102-yr-old Schema-Archimandrite Averky, who served for decades in America, reposes in the Lord in Belyov, Russia

Belyov, Russia, February 27, 2018

Photo: belev-eparhia.ru Photo: belev-eparhia.ru
    

The oldest cleric of the Belyov Diocese and priest of the Nativity of the Theotokos-Anastasov Monastery, 160 miles southwest of Moscow, Schema-Archimandrite Averky (Shvetsov-Zagarsky) reposed on Saturday in his 103rd year of life, reports the site of the Belyov Diocese.

The funeral service for Fr. Averky was served on Monday with the blessing of His Grace Bishop Seraphim of Belyov and Aleksin.

Boris Vladimirovich Shvetsov was born in 1915 in the city of Vyatka in the Vyatka Province, 600 miles northeast of Moscow into a priest family—both his father and grandfather served in the Church. He lost his father in 1937 when he, together with all the clergy of the Vyatka Province were arrested and later shot.

He was later sent to the Finnish and Second World Wars, and while fighting on the Western Front, he was taken into German captivity for 2.5 years, which he recalled as the hardest years of his life, having passed through hunger and sickness.

After the war, he and 170,000 other prisoners of war were sent westward, and Boris spent the next 10 years of his life in Argentina.

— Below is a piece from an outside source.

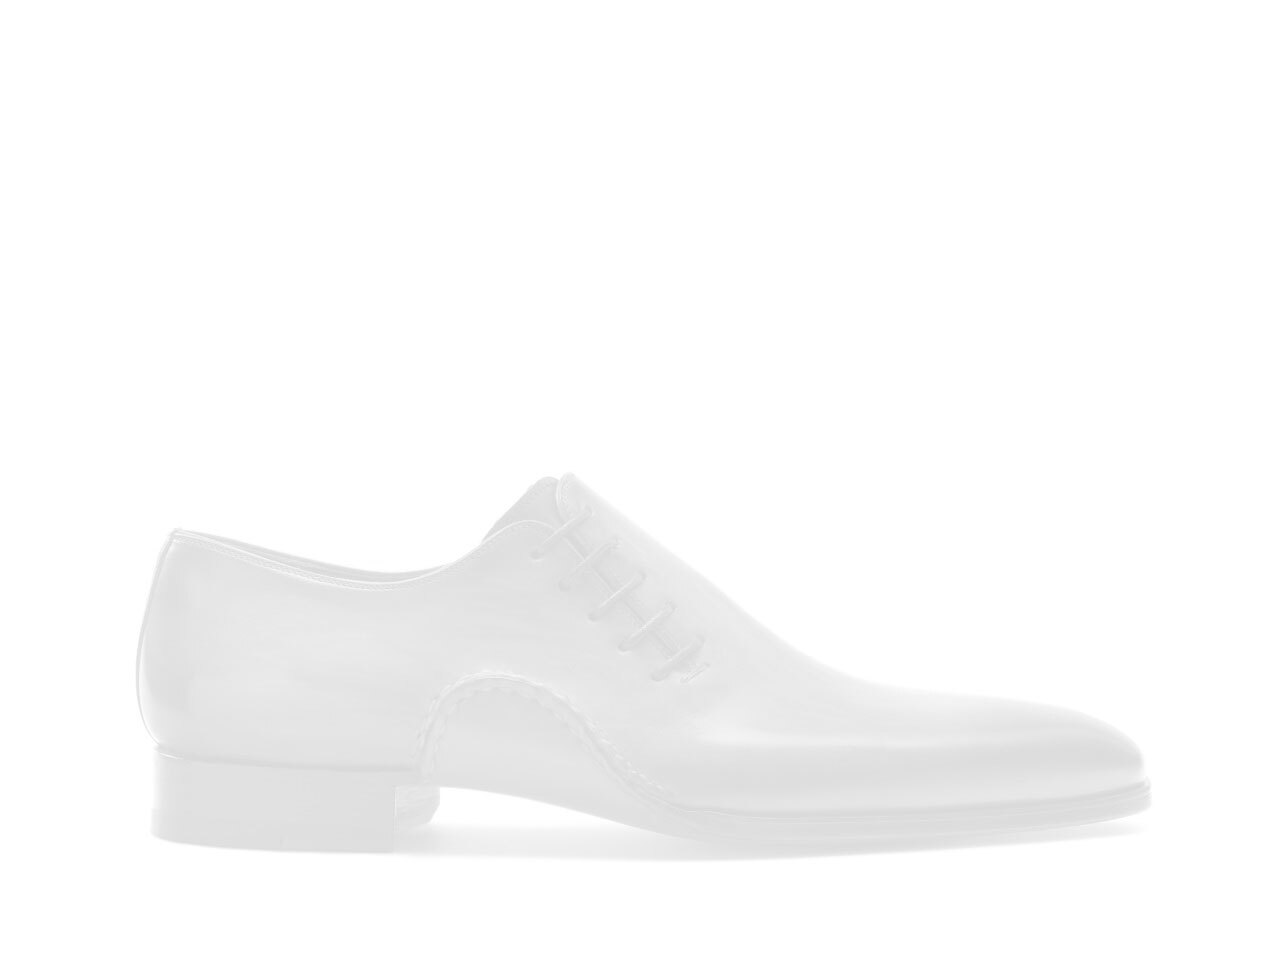 Pair of the Magnanni Leyton Black Men's Oxford Shoes
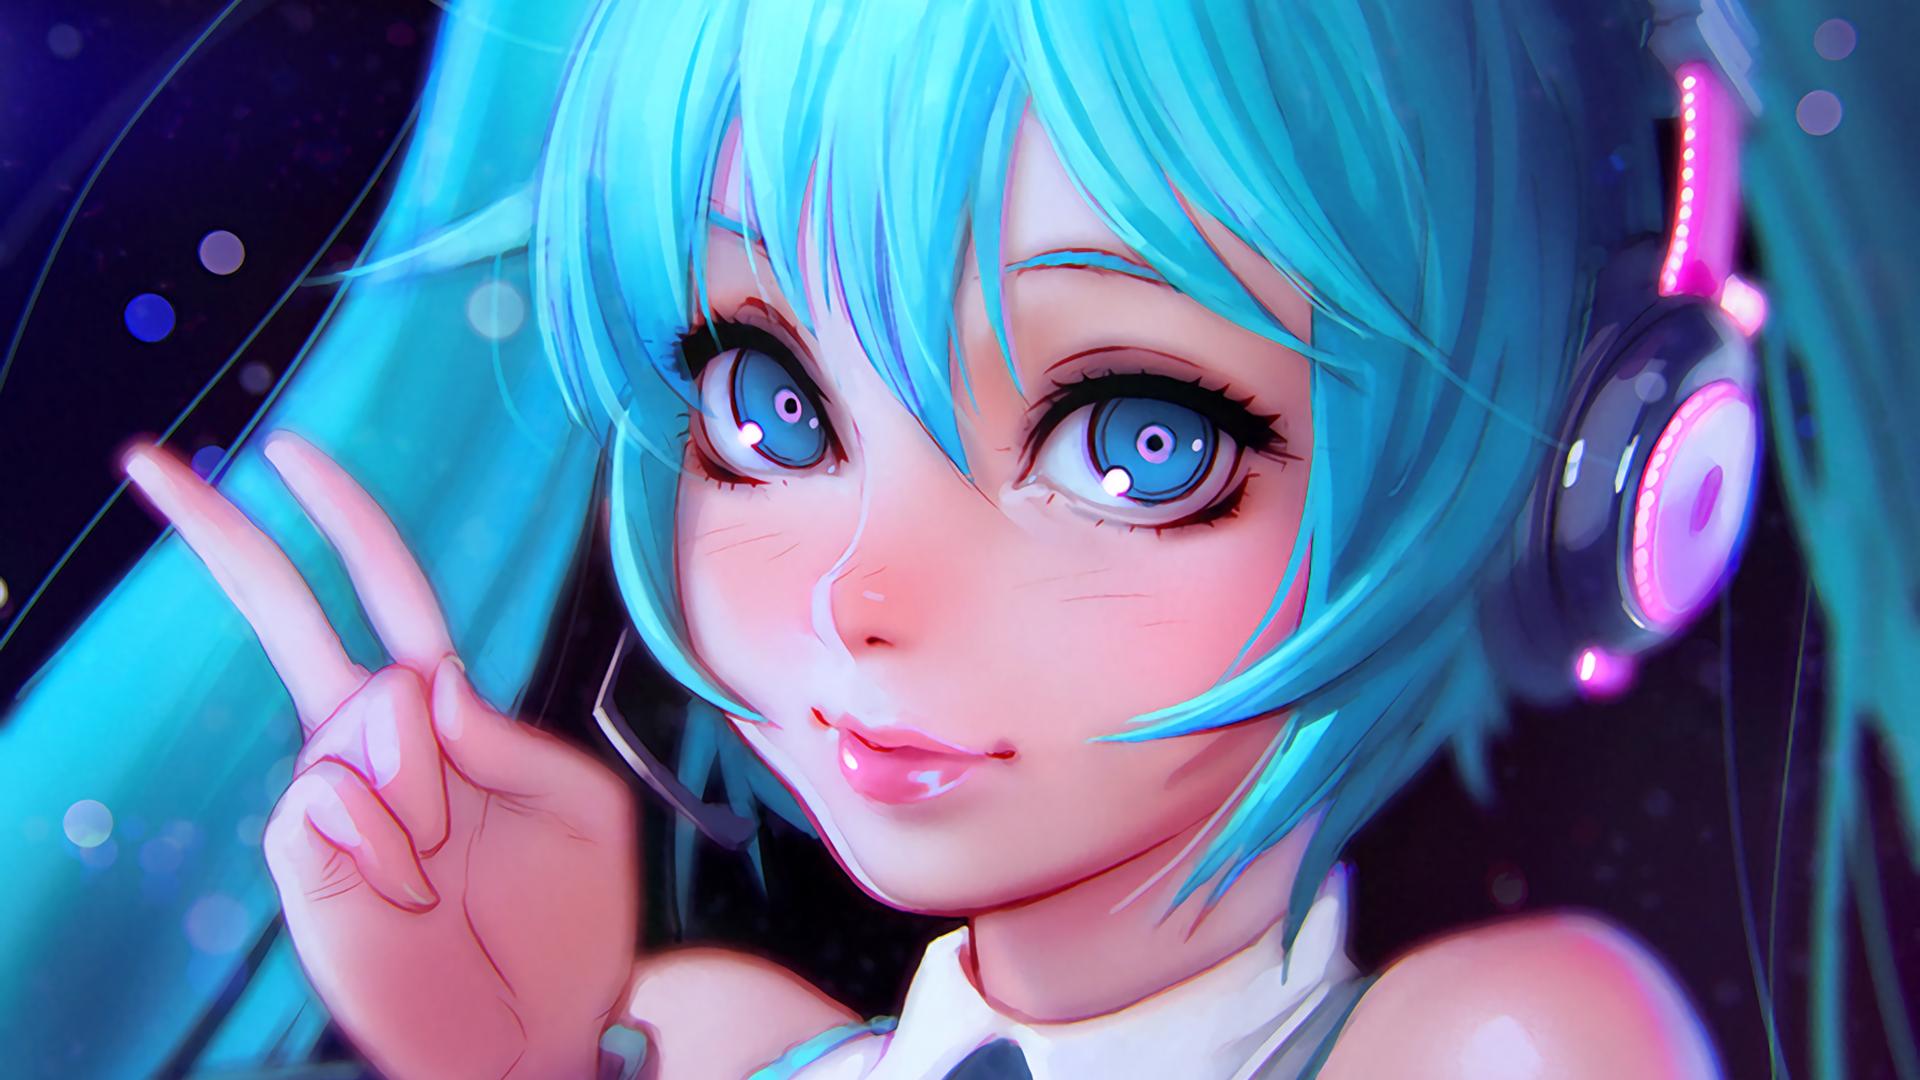 Vocaloid HD Wallpaper | Background Image | 1920x1080

After this period he decided to receive the monastic tonsure as had his father, receiving the name Anastasy. He moved to the U.S. and joined the Russian Orthodox Church Outside of Russia. There he studied at Holy Trinity Seminary and spent the next 50 years serving in 35 ROCOR parishes. He personally knew several First Hierarchs of ROCOR as well as St. John (Maximovitch).

When Fr. Anastasy was already deep in old age, a priest from the Tula Diocese entreated the extraordinary elder to come to Russia, and, after spending more than 50 years in America, he went to serve as the spiritual father in the ancient Anastasov Monastery of the Tula Province, which now belongs to the Belyov Diocese of the Russian Orthodox Church. A steady stream of pilgrims would constantly come to see him at the monastery, seeking consolation and advice for their spiritual lives.

On the eve of Pascha last year he received the great schema with the name Averky.

May his memory be eternal!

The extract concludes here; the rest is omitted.